The people of Anam mobilized their youths, who lured the Edda warriors onto a boat. While the boat was in the middle of the river, the youths on the riverbank began pelting the boat with stones. The warriors on the boat drowned in the river, and the remaining Edda warriors withdrew from the area and never returned.

The invasion inspired a saying "Ada si Anam "kwali ive nye mili".

=== Aboh Invasion ===
The Aboh slave hunters, led by Prince Enebeli, later invaded, and unlike the Arochukwu they could maneuver the river effectively. Many Anam people were captured, despite the Anam people's use of the canon and den guns given to them by the Portuguese.

They eventually consulted a diviner who told them that they could only defeat the Aboh warriors and Enebeli with the aid of a charm that the diviner would prepare. He told them that the bearer of that charm would die and the charm would cause confusion when thrown into the Aboh camp. Amah, a son of Umueze Anam, volunteered to carry out the task. His brother Iwo volunteered to accompany his brother and ensure that if Amah died, his head would be brought home. Obalichi from Umuoba Anam lead the Anam warriors against the Aboh. They succeeded, defeating the Aboh warriors and killing Prince Enebeli.

==Agriculture==
Anam is known for farming and fishing.
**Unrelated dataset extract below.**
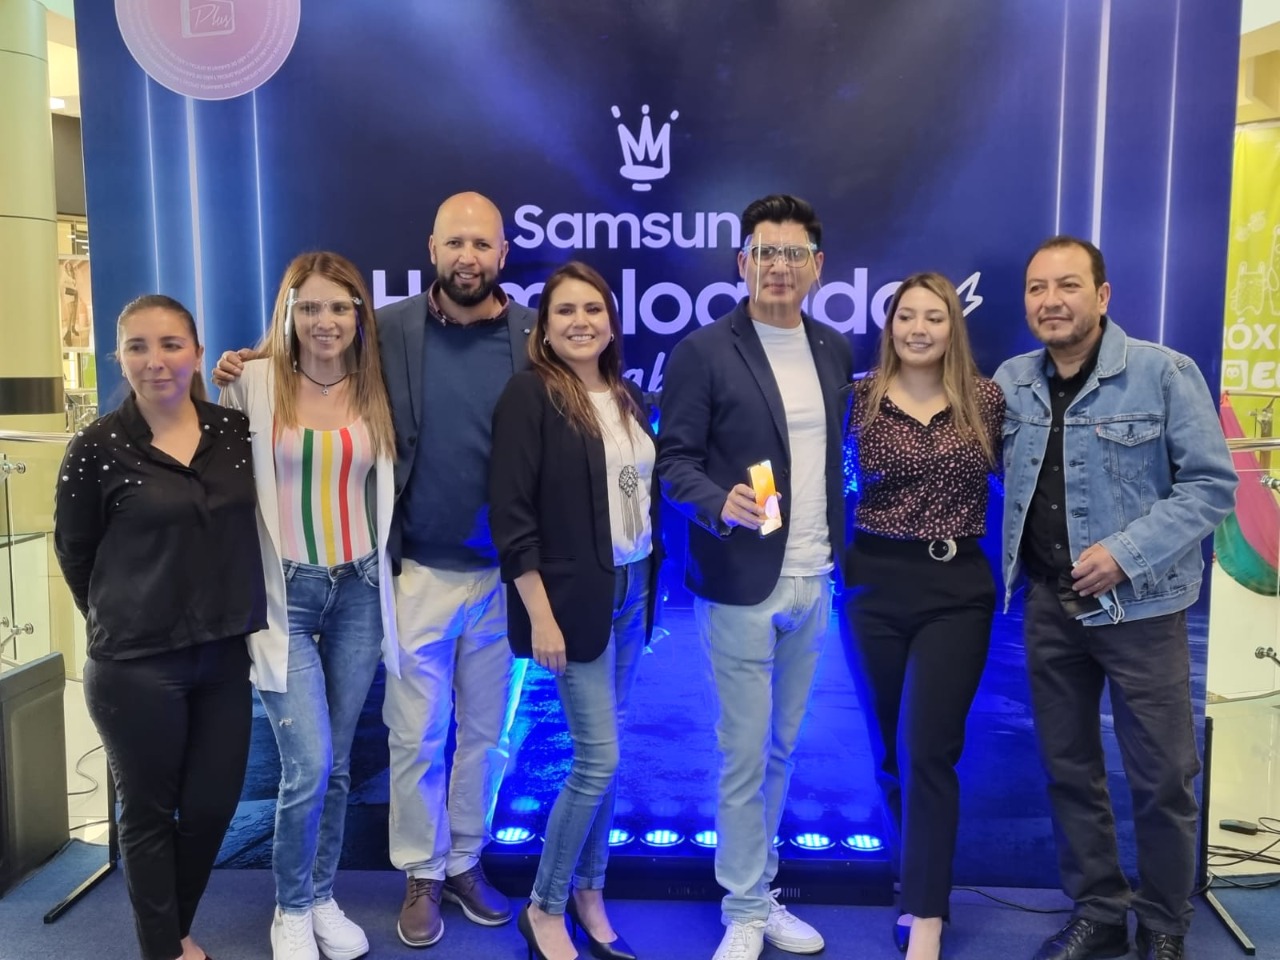 Samsung presenta campaña “homologado” en Bolivia junto a la serie Galaxy A

Anam Land is fertile, its waters and rivers support a great variety of fishes. The people are predominantly arable farmers who farm round the season producing up to 70% of the whole food stuff in Anambra State. Major crops produced in Anam in large quantities include yam, cassava, rice, corn, groundnut and potatoes.
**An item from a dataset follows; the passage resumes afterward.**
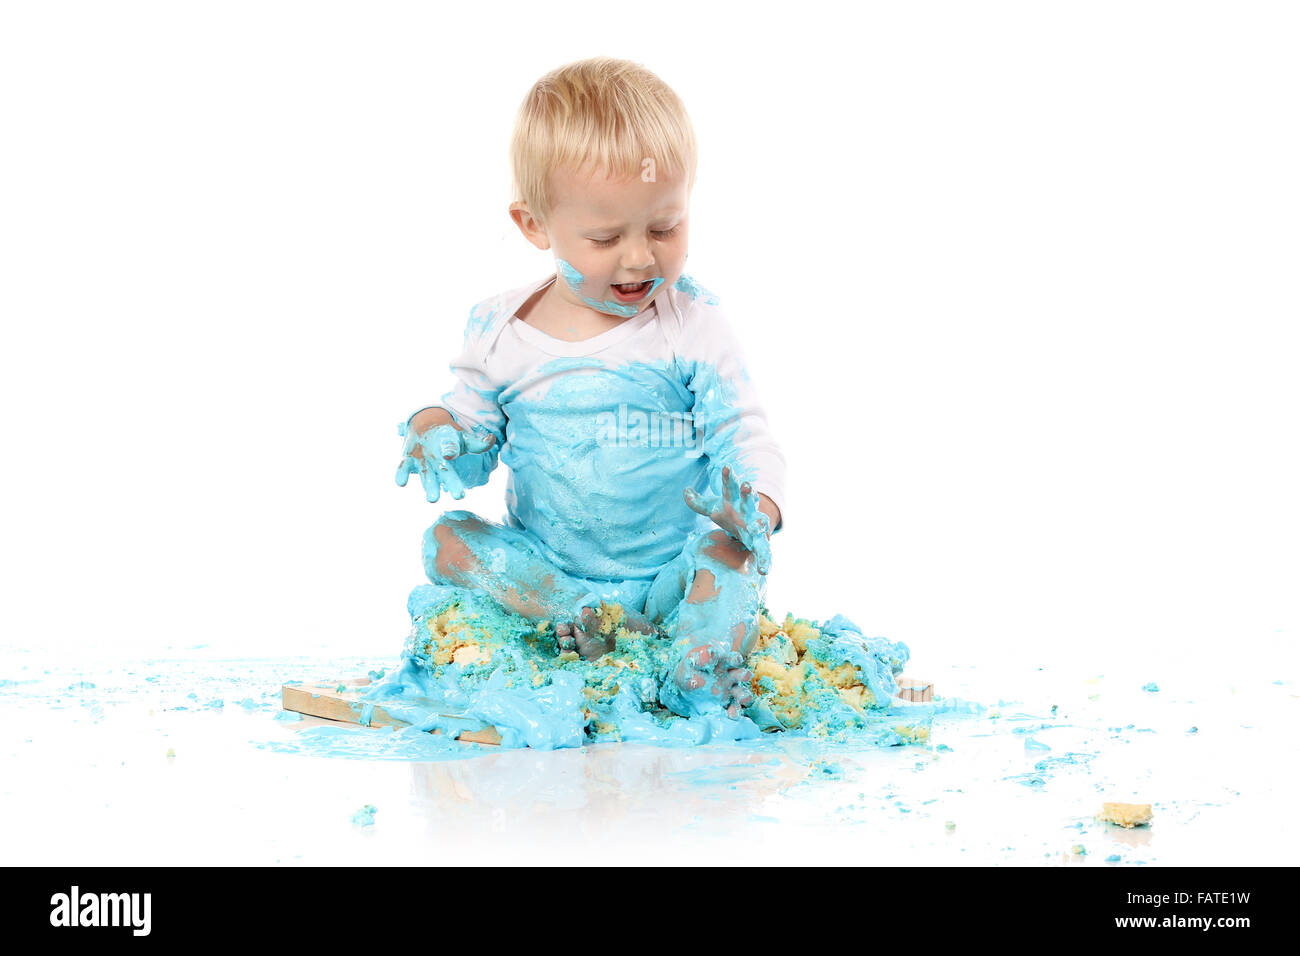 Ein einjähriges Baby junge Zerschlagung einer blauen Geeiste Geburtstagstorte auf einem Holzbrett. Bild wird auf einem weißen Hintergrund isoliert. Stockfoto

One factor that militates against sustainable production of food and its distribution to other parts of Anambra State and even beyond is the poorstate of some roads in Anam and lack of link roads to the areas of farm produce. This was worse off when there was no bridge linking Anam to neighbouring towns, but thanks to the completion and commissioning of Anambra Bridge across the Anambra River, Anam is no longer cut off.
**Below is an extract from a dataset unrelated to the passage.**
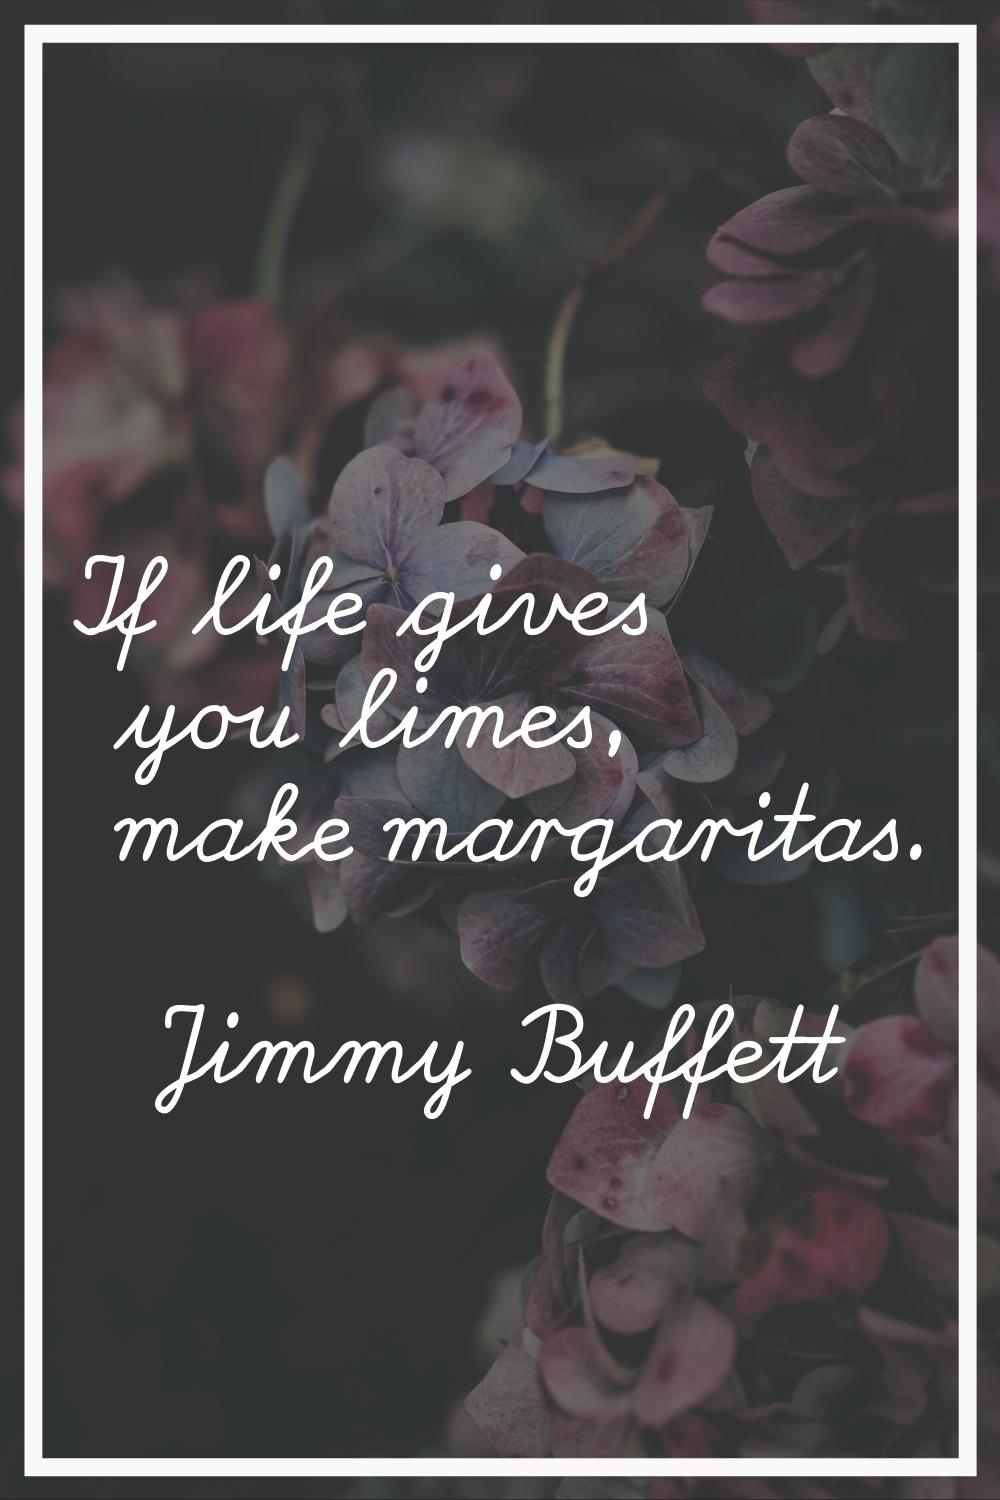 If life gives you limes, make margaritas.

Apart from being a fertile land for agricultural purposes, Anam soil is rich in mineral and other natural resources, including crude oil.

==Culture==
Because Anam people lack strong scribal tradition their philosophies find expressions orally and in artistic works.

=== Religion ===
Incarnation is among the prime beliefs of the Igbo people and Anam people like other cultures believed in incarnation or Ogbanje, in fact, this belief is central to the rituals of the naming ceremony. There are different manifestations of Ogbanje. There are also beliefs in the existence of multitudes of benevolent and evil spirits inhabiting the spirit-world of waters, ani, air, fire, plants and animals that can be convoked to execute evil or just order through a medium that will divine-gba ava to ascertain means of summoning.
Anamland has several lakes, plants, animals, places and phenomenon believed to be possessed by spirits. There are three lakes believed to belong to a great goddesses of fruitfulness called Nne Ethele, Nwa Ethele and diokpala Ethele
Ndi-Anam observe the Igbo lunar calendar and not the Gregorian calendar.

===Masquerade===
In Anam, as elsewhere in Igbo land masquerading is a revered traditional practice that forms part of the cultural heritage of our people. Masquerades are precious cultural heritage and identity of families and kins across Anam towns. Anamites use masquerades to celebrate activities of great importance, and commemorate different social, cultural, religious or prognosticational events.
Different musicals and dances are fused into the arts of masquerade; popular among the dance steps is Okani war dance steps.

==Delicacies==
During festivals Anam people take their time to prepare special soup, especially "ove isala" (ove nsala), a soup prepared with fresh catfish (ikele/aala) and gulped down with fresh pounded yam. Friends of Anam people never want to miss this delicious meal, particularly when they are invited to Otite Anam (Anam New Yam Festival), Nzurani and other festivities.